In order to use the Polarity - ThreatQuotient integrations, instance URL, username, password, and clientID are required. In order to complete configuration, the Polarity server admin will also need to configure the threatq-config.js file.
Both ThreatQuotient and the IOC submission integrations require the same configuration options.
Indicator Types - IPs, Emails, Hashes, Domains
URL - The URL for your ThreatQuotient server which should include the schema (i.e., http, https) and port if required.
Username - Username for the account using the ThreatQuotient integration.
Password - Password associated with the username, for the account using the ThreatQuotient integration.
Client ID - The Client ID for your ThreatQ deployment. (accessible at https:///assets/js/config.js)

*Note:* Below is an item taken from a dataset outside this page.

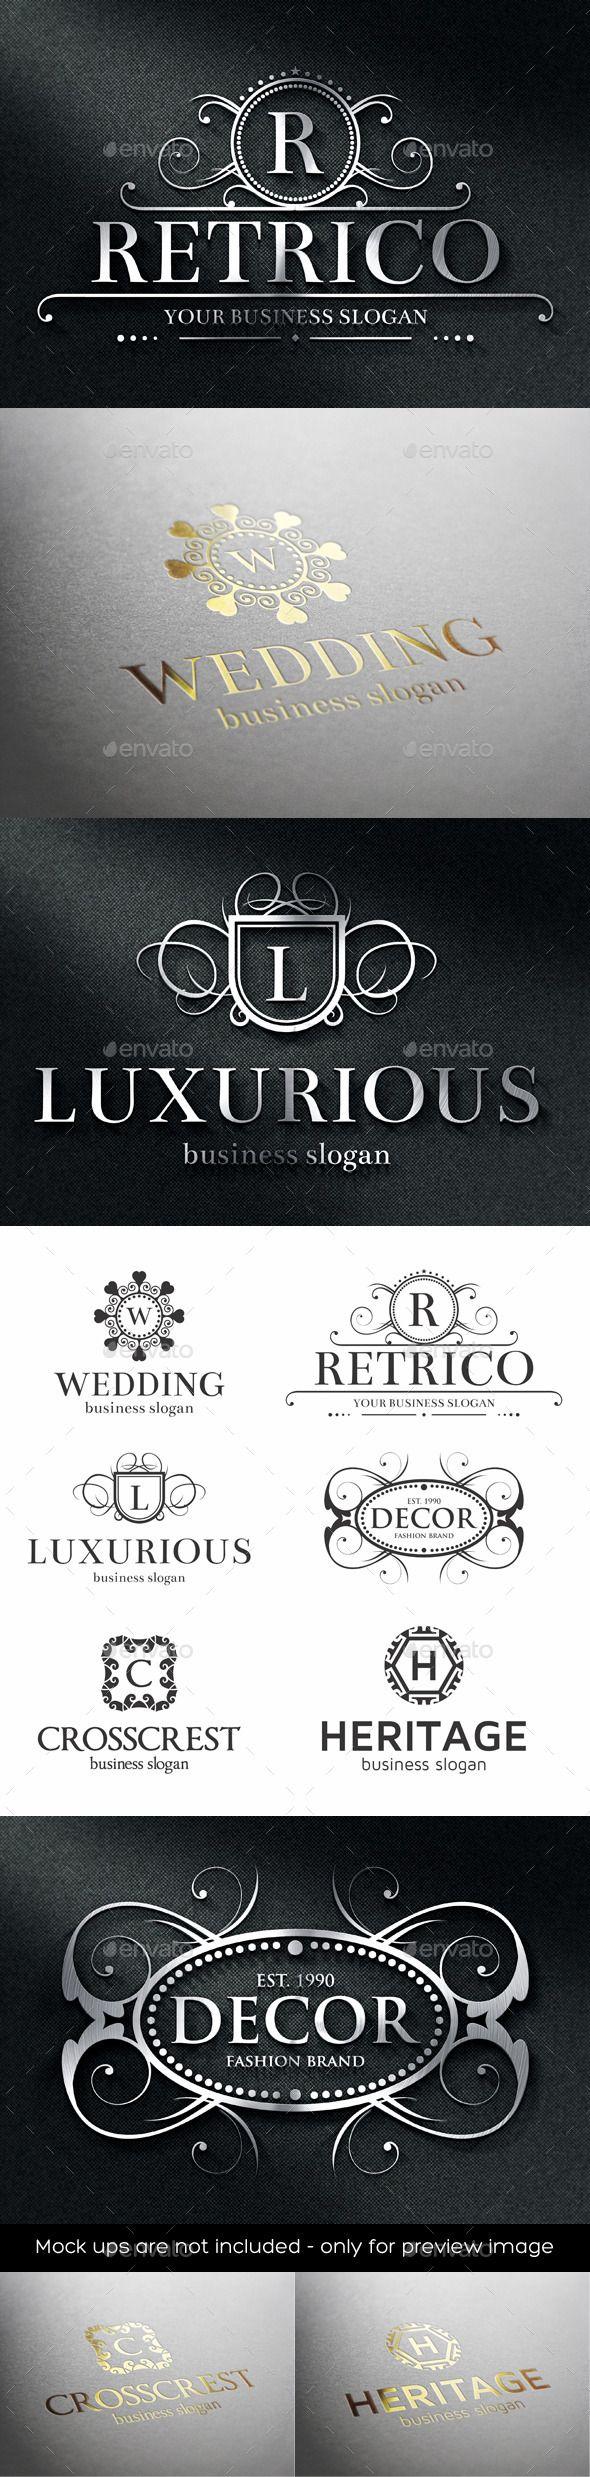 Luxurious Crest Logos Template #design Download: http://graphicriver.net/item/luxurious-crest-logos/12130679?ref=ksioks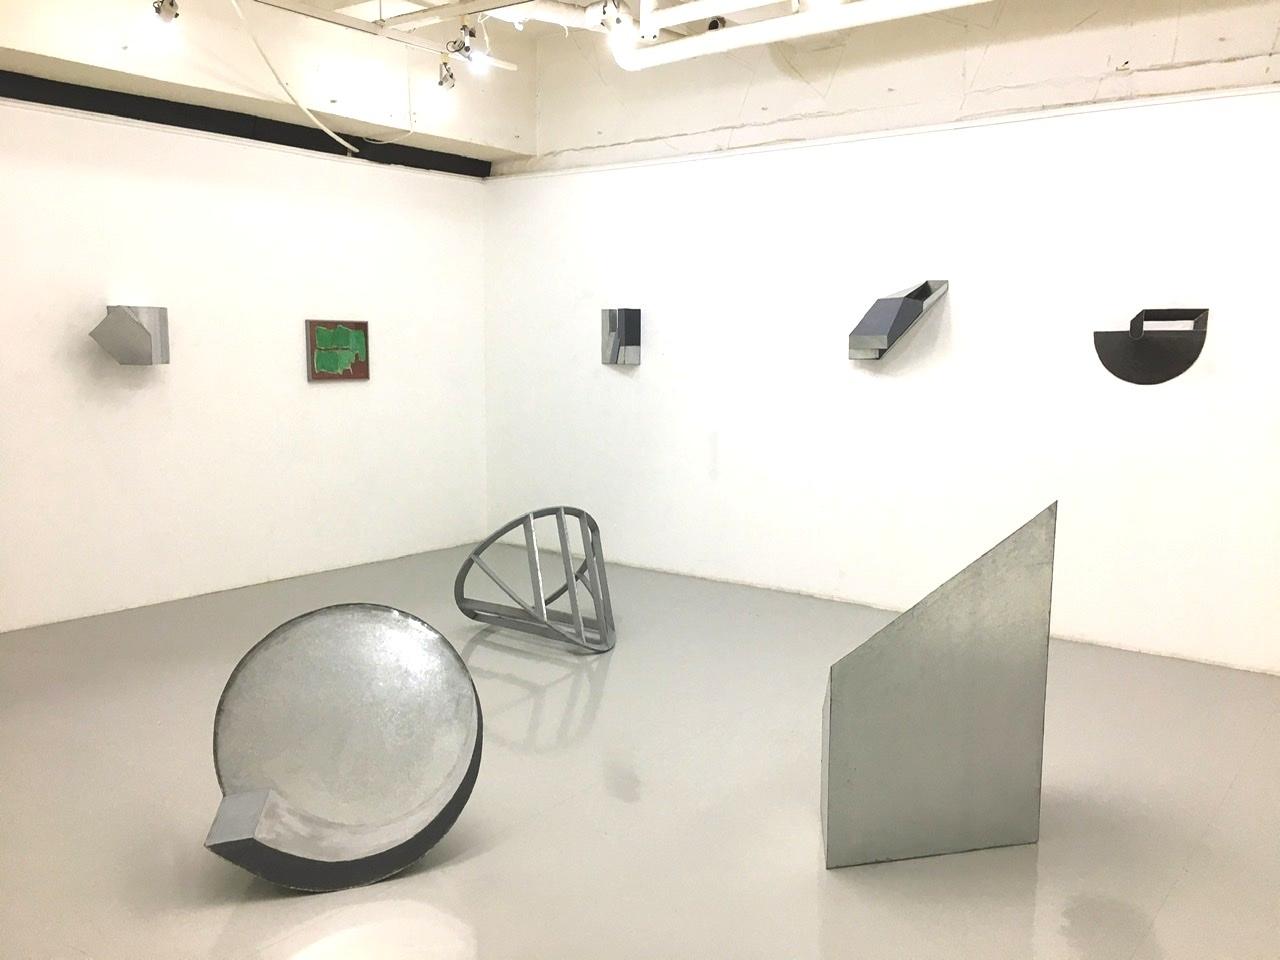 赤塚祐二&伊藤誠展/Yuji AKATSUKA & Makoto ITO exhibition_d0271004_00150590.jpeg

Enable Adding Tags - If selected, users will be able to add new tags from the overlay window
Enable Deleting Tags - If selected, users will be able to delete tags from the overlay window
Enable Editing of Indicator Status - If selected, users will be able to edit the “status” of an indicator (e.g., Active, WhiteListed, Review etc.)
**Enable Manual Editing of Indicator Score **- If selected, users will be able to edit the “score” of an indicator. Note that manually setting the score of an indicator is not a recommended best practice. Setting the score manually prevents ThreatQuotient from setting an automatic indicator score.
Minimum Score - Minimum indicator score to be returned by the integration. Lower the score the more information that will be displayed by Polarity.
Maximum Score - Maximum indicator score to be returned by the integration.
Indicator Statuses - Status of the indicators to be searched. Statuses are: active, review, expired, indirect and whitelisted.
Allow IOC Deletion - If selected, analysts running the IOC Submission integration can delete indicators from ThreatQuotient.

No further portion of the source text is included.